Таджи отрицал все. Тогда казий назвал кое-кого из дружков Таджи и пригрозил, что вызовет их в суд в качестве свидетелей и устроит очную ставку. Таджи испугался, что и впрямь сюда могут привести его друзей, и сказал, что, мол, такие слова вырвались у него нечаянно и он раскаивается в содеянном. Судейский записал его признание и заставил поклясться на коране, что он ни под каким видом не отречется от своего показания. А затем нукеры увели его и заперли в сырое подземелье. Прошло несколько дней. И вдруг Таджи привели в гарем царевича, усадили на стул на застекленной веранде и крепко прикрутили к стулу руки и ноги. Заткнули ему рот платком и приказали смотреть во внутренние покои, добавив, что, когда он хорошенько насмотрится па то, что там будет происходить, ему дадут свободу. А через несколько минут в покои вошла старуха, ведя за руку жену Таджи, одетую в роскошное шелковое платье. Старуха усадила жену Таджи на ложе и удалилась. А еще через минуту, в меховой шапке с пером, в накинутом на плечи богато расшитом золотом халате, вошел царевич Ибрагим Султан. Проглотив залпом пиалу вина, он схватил жену Таджи и грубо овладел ею. Таджи глухо застонал, он старался порвать впившиеся ему в тело путы, но не мог ни шелохнуться, ни крикнуть. Свершив злодеяние, царевич подошел к Таджи, бессильно уронившему голову на грудь, и, презрительно щурясь, отчеканил:
– С сегодняшнего дня и ты и твоя жена будете моими рабами.

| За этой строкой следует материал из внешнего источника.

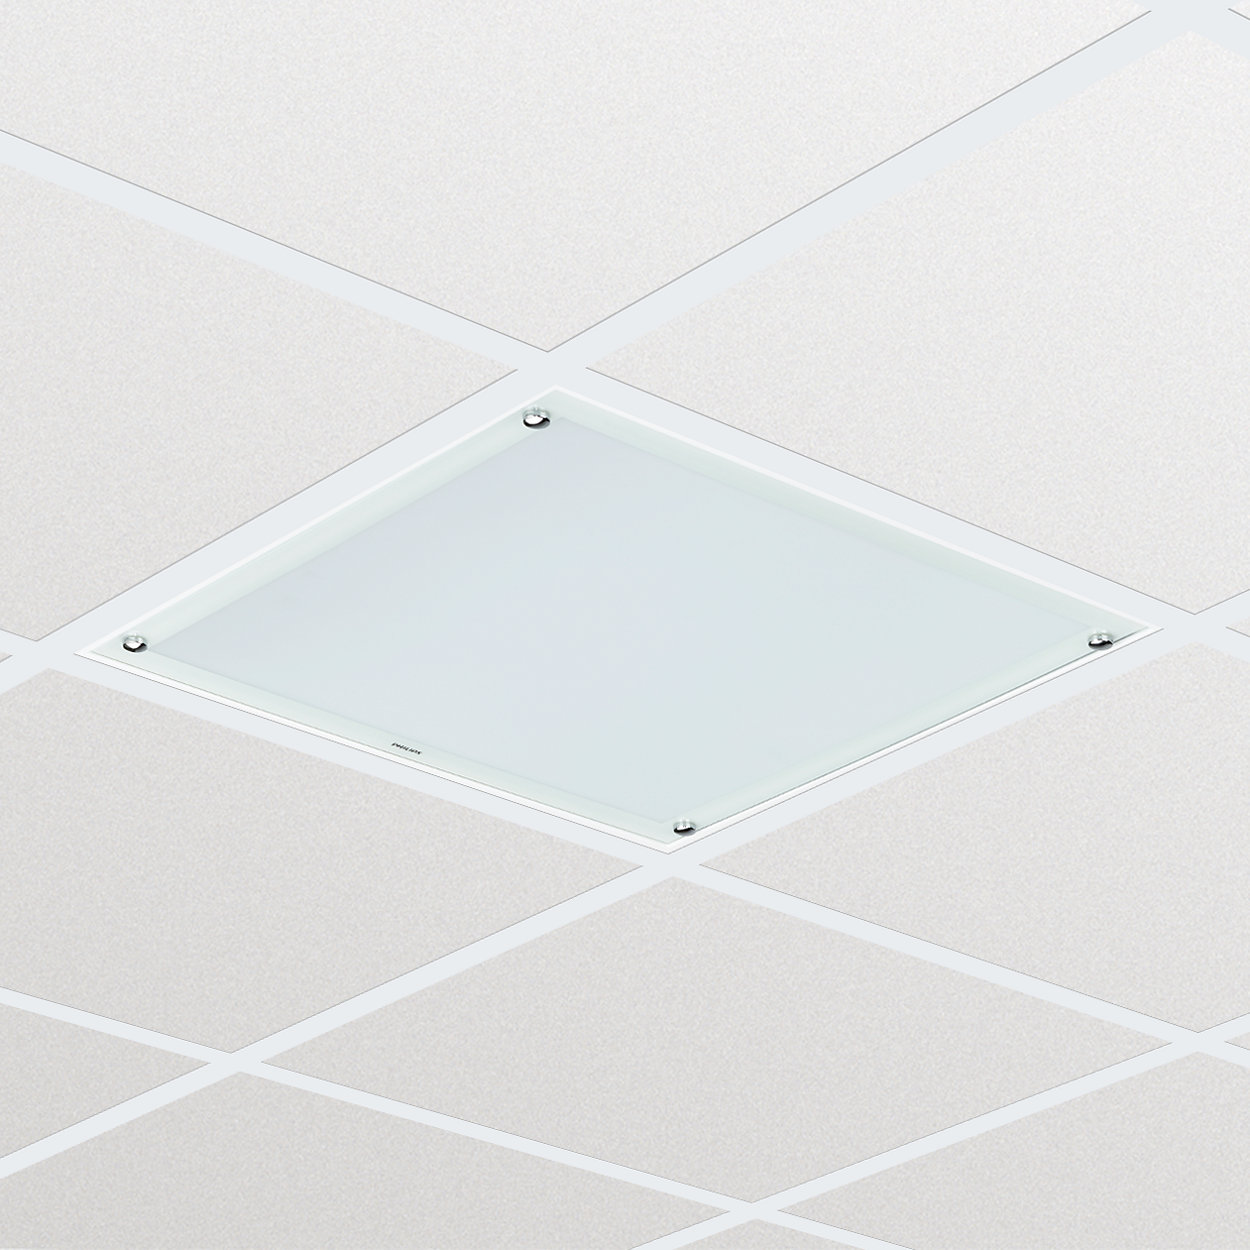 Luminaria LED para salas limpias CR250B: solución uniforme, de confianza, con buena relación calidad-precio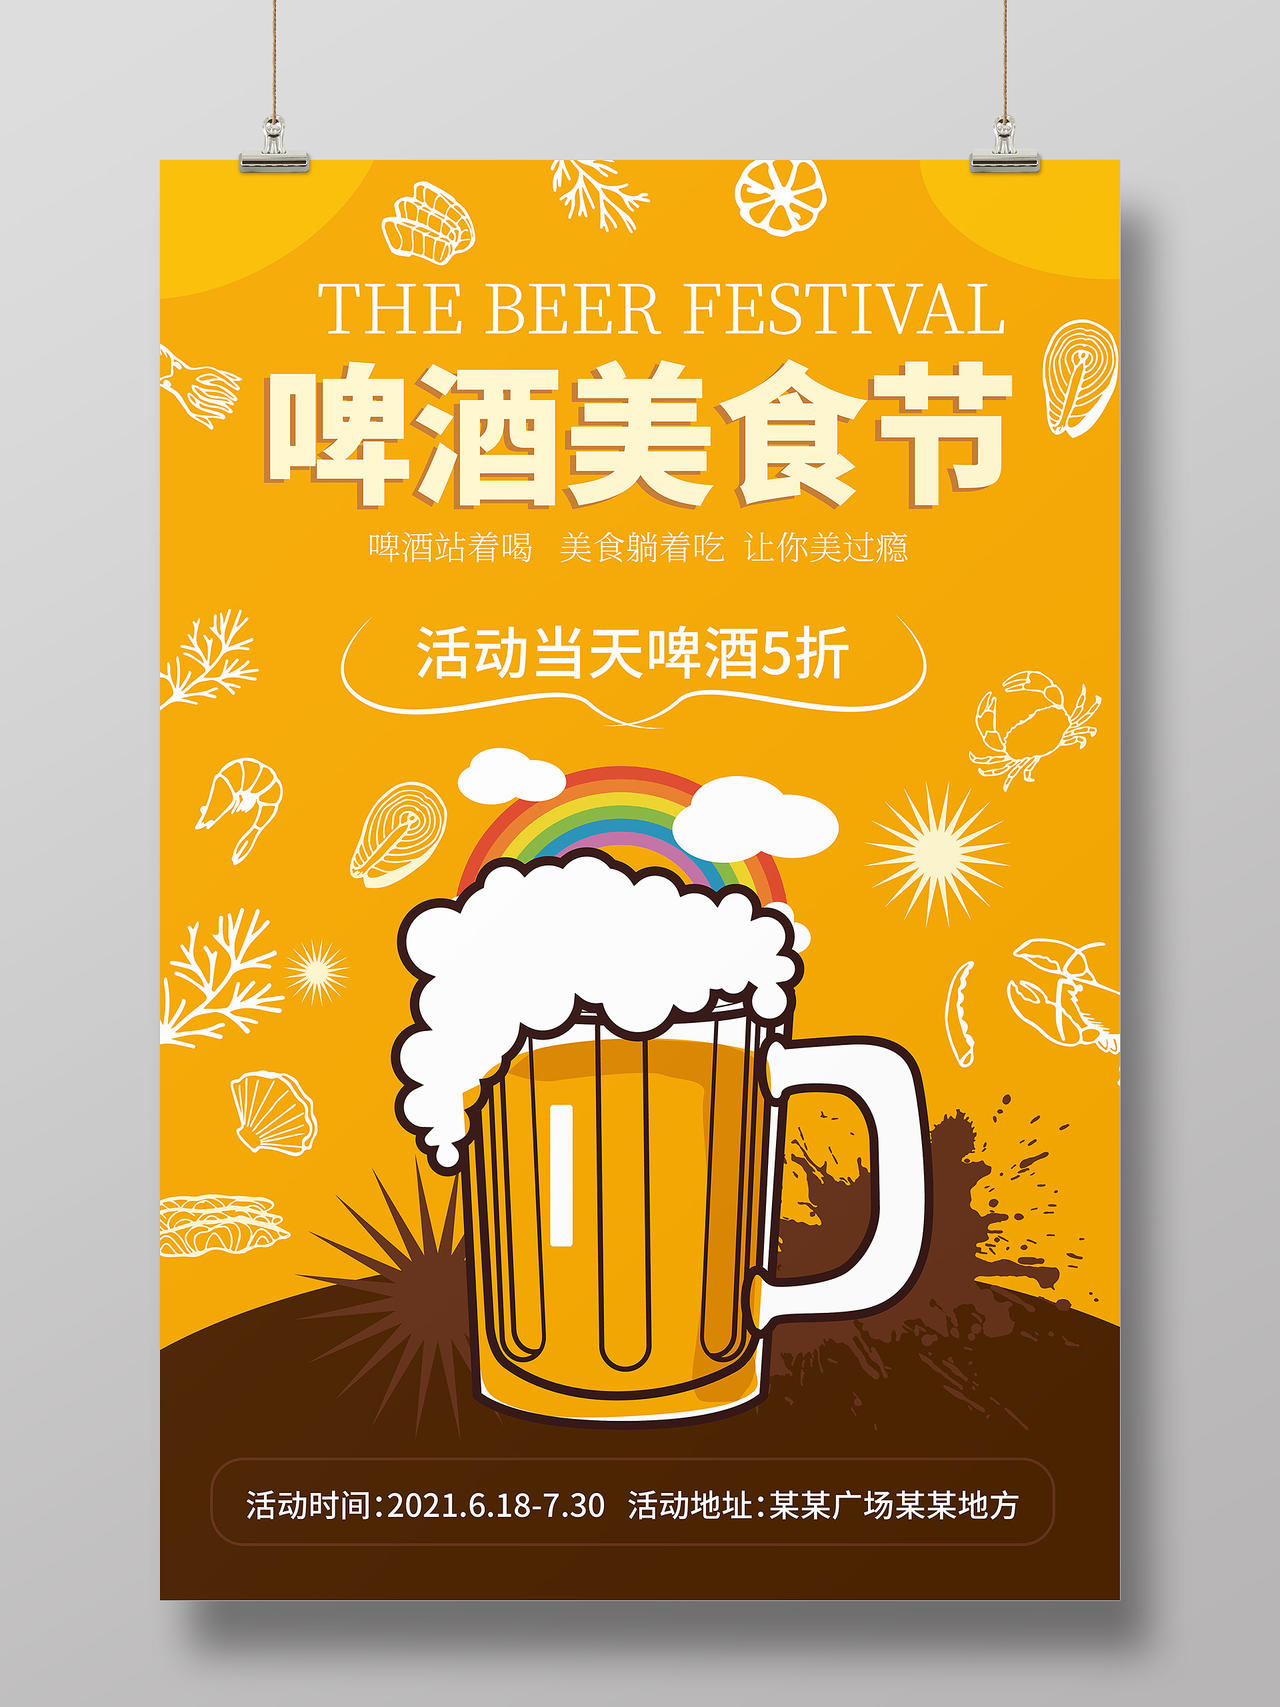 黄颜色卡通风格啤酒美食节促销宣传海报设计

В тот же вечер Таджи жестоко избили и, дав ему снотворного зелья, охолостили. Несколько дней он пролежал в беспамятстве, а когда очнулся, ему приказали остаться в гареме царевича евнухом. Прошло несколько месяцев, и пожелтело его красивое румяное лицо, вылезли усы и борода. И за этот же срок царевич на глазах Таджи трижды опоганил его жену, и несчастная, превратившись из свободной женщины в безмолвную рабыню, лишила себя жизни, бросилась с крыши дворца. Ослепленный горем, Таджи не находил себе места и однажды, обманув бдительность стражей, убежал из гарема. И вот пый за одно неосторожно вырвавшееся слово, мыкается по свету несчастный Таджи, не смея вернуться в родные края. И думается ему, наверное: «Кем я был и кем стал». И живёт он в великом гневе, ненавидя все живое, отлученный от людей, и единственная отрада для его души – опиум.
Но тут Таджи обвел хмурым взглядом зодчего и табиба и зашагал ко внутреннему двору, бормоча себе под нос:
– Хозяин велел напоить лошадей, а эти проклятые скоты не желают пить, так и норовят укусить друг друга. Одна мерзость кругом. Уйду отсюда. Хозяин еще ни гроша не заплатил мне за работу. Мерзавец! Нет на свете правды. Пусть все пойдет прахом. Все… Все…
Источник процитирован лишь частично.